WriteReport summarizes results.csv into a Markdown report (spec §9.5).

T-04 V1 (2026-05-21): every baseline row now carries hallucination statistics in addition to score. The summary table gains two columns (avg hallucination rate, total mentions), and a per-task detail section lists the literal hallucinated / qname-diverged symbols for triage.

Axis 1 (2026-05-22): the summary table now also reports population standard deviation alongside each mean, so multi-shot runs (--n-runs > 1) surface the LLM-side non-determinism the third smoke run made visible (3 single-shots produced 0/0/4 hallucinations). Single-shot runs (n=1) report std=0 — the columns stay structurally consistent across shot counts.

Types ¶

type APIClient ¶

type APIClient struct {
	// contains filtered or unexported fields
}

APIClient wraps the Anthropic Messages API. Construct one per ckg eval run.

func NewAPIClient ¶

func NewAPIClient(model string) (*APIClient, error)

NewAPIClient constructs an APIClient. It reads ANTHROPIC_API_KEY from the environment and returns ErrNoAPIKey when unset.

func (*APIClient) Close ¶

func (l *APIClient) Close() error

Close releases resources. APIClient holds none; this is a no-op so the interface contract is uniform across backends.

func (*APIClient) Complete ¶

func (l *APIClient) Complete(ctx context.Context, system, user string) (LLMResult, error)

Complete runs a single message exchange via the Anthropic API. The V0 implementation does not loop over tool_use round-trips; the runner pre-resolves any tool calls in-process before invoking Complete.

func (*APIClient) CompleteWithTools ¶

func (l *APIClient) CompleteWithTools(ctx context.Context, system, user string,
	store pkgstore.Reader) (LLMResult, error)

CompleteWithTools runs the γ multi-turn tool-use loop via the prompt-based protocol. See gamma_loop.go.

type Baseline ¶

type Baseline string

Baseline determines what tools the LLM may call and how raw context is supplied (α only). See spec §9.1.

const (
	BaselineAlpha Baseline = "alpha" // raw file dump, no tools
	BaselineBeta  Baseline = "beta"  // get_subgraph(root, depth=99), 1 tool
	BaselineGamma Baseline = "gamma" // 5 granular tools
	BaselineDelta Baseline = "delta" // get_context_for_task only (smart)
)

type CLIClient ¶

type CLIClient struct {
	// contains filtered or unexported fields
}

CLIClient runs `claude -p` via cli-wrapper as the LLM backend. It is a drop-in alternative to APIClient: each call to Complete spawns one subprocess, waits for exit, parses the JSON the binary writes to stdout, and returns an LLMResult. The cli-wrapper Manager is reused across invocations and torn down by Close.

func NewCLIClient ¶

func NewCLIClient(opts CLIClientOptions) (*CLIClient, error)

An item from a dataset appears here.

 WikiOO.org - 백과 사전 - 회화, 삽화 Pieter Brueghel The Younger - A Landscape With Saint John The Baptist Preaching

NewCLIClient constructs a CLIClient. It resolves the claude binary path (override or PATH lookup), locates cliwrap-agent, and constructs a cli-wrapper Manager that will be reused across Complete calls.

func (*CLIClient) Close ¶

func (c *CLIClient) Close() (err error)

func (*CLIClient) Complete ¶

func (c *CLIClient) Complete(ctx context.Context, system, user string) (LLMResult, error)

Complete spawns one `claude -p` invocation, waits for exit, snapshots stdout, and parses the result.

Flags used:

-p / --print: non-interactive mode required for piping/JSON output
--no-session-persistence: do not write sessions to disk (prevents user's session DB from being polluted by eval runs)
--output-format json: single JSON document on stdout (schema below)

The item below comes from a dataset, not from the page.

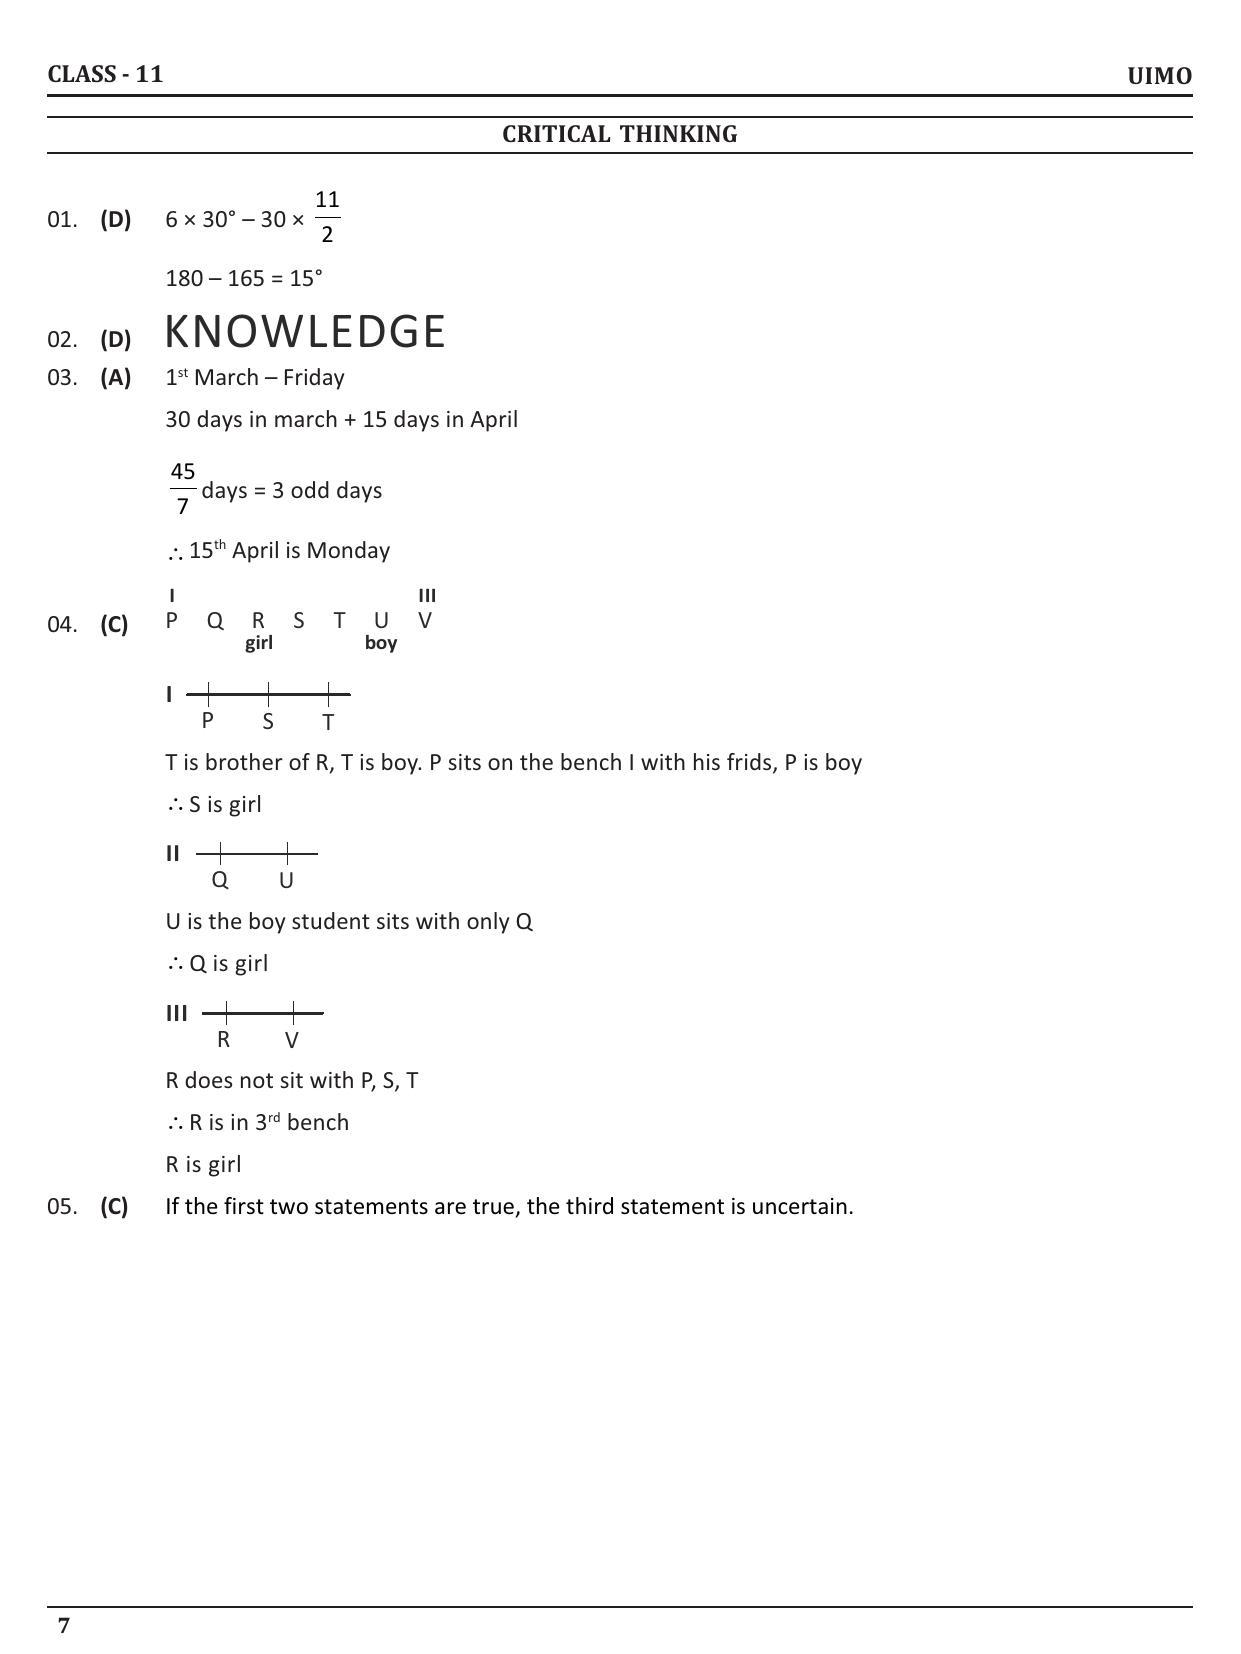 UIMO Class 11 2023 Sample Paper - Page 7

Note: --bare is intentionally NOT used. Without it, claude uses normal auth (OAuth, keychain, ANTHROPIC_API_KEY — whatever the user configured), which is required for Pro/Max users who rely on OAuth/keychain auth.

The `system` argument, if non-empty, is forwarded as --append-system-prompt. The `user` argument is the final positional prompt.

func (*CLIClient) CompleteWithTools ¶

func (c *CLIClient) CompleteWithTools(ctx context.Context, system, user string,
	store pkgstore.Reader) (LLMResult, error)

Close shuts down the underlying cli-wrapper Manager, draining its WAL outbox. A 5s timeout is used so a wedged shutdown does not hang the eval run; failures are returned to the caller.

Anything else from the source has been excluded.